Wyoming Unemployment Rate Increases to 5.0% in May
Wyoming’s seasonally adjusted1 unemployment rate increased from 4.5% in April to 5.0% in May. The last time our seasonally adjusted unemployment rate was at this level was June 1999. The state’s over-the-year job growth rate continued to decline, falling from -0.9% in April to -1.6% in May. In contrast, the U.S. unemployment rate stood at 9.4% in May and U.S. job growth was -4.0%.
April to May’s employment increase of 6,100 jobs, or 2.1% was somewhat smaller than the normal seasonal increase for May (approximately 7,500 jobs). Employment decreased in natural resources & mining (-1,000 jobs, or -3.7%) and other services (-100 jobs, or -0.8%). Seasonal job gains were seen in construction (1,700 jobs, or 7.0%), retail trade (500 jobs, or 1.6%), professional & business services (700 jobs, or 4.0%), leisure & hospitality (2,400 jobs, or 7.7%), and government (including public schools, colleges, & hospitals; 1,500 jobs, or 2.1%).
On the other hand, over the year, Wyoming employment fell by 4,900 jobs, or 1.6%. The largest job losses occurred in natural resources & mining (-2,500 jobs, or -8.7%) and construction (-2,400 jobs, or -8.5%). Smaller job losses were seen in professional & business services (-700 jobs, or -3.7%), leisure & hospitality (-700 jobs, or -2.1%), retail trade (-500 jobs, or 1.6%), and other services (-200 jobs, or -1.6%). Job gains were reported in four sectors: government (1,400 jobs, or 2.0%), educational & health services (700 jobs, or 2.9%), wholesale trade (100 jobs, or 1.1%), and transportation & utilities (100 jobs, or 0.7%).
Most county unemployment rates increased slightly from April to May.
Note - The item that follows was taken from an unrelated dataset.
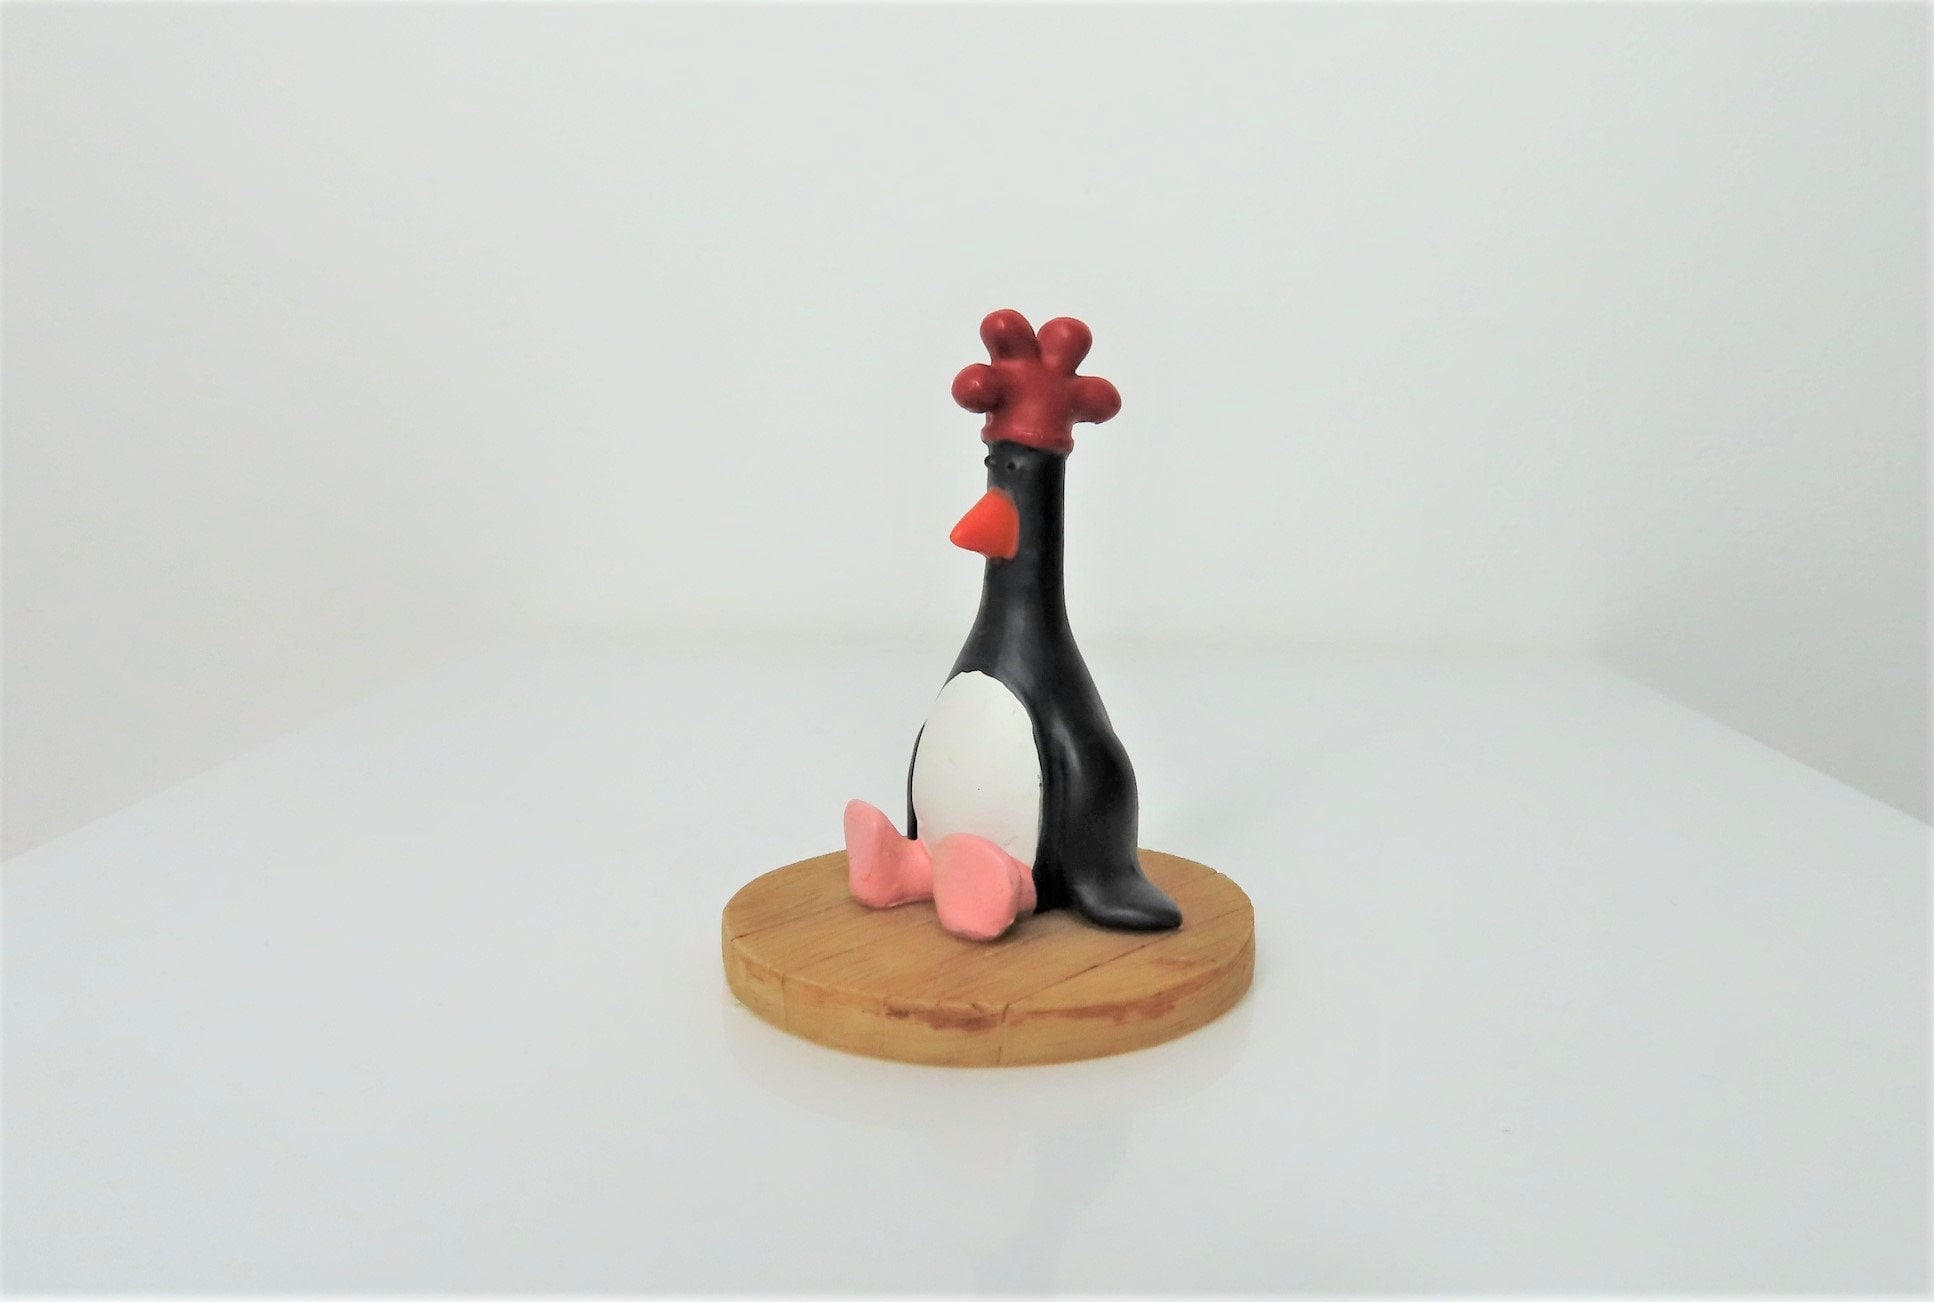 LEGO MOC Feathers McGraw the penguin - Wallace and Gromit by Runescope

Big Horn County posted the highest unemployment rate (7.6%), followed by Lincoln (6.6%), Teton (6.4%), and Fremont (6.4%) counties. The lowest unemployment rates were found in Albany (3.1%), Sublette (3.6%), Campbell (4.1%), and Goshen (4.1%) counties.
1Seasonal adjustment is a statistical procedure to remove the impact of normal regularly recurring events (such as weather, major holidays, and the opening and closing of schools) from economic time series in order to obtain a better understanding of changes in economic conditions from month to month.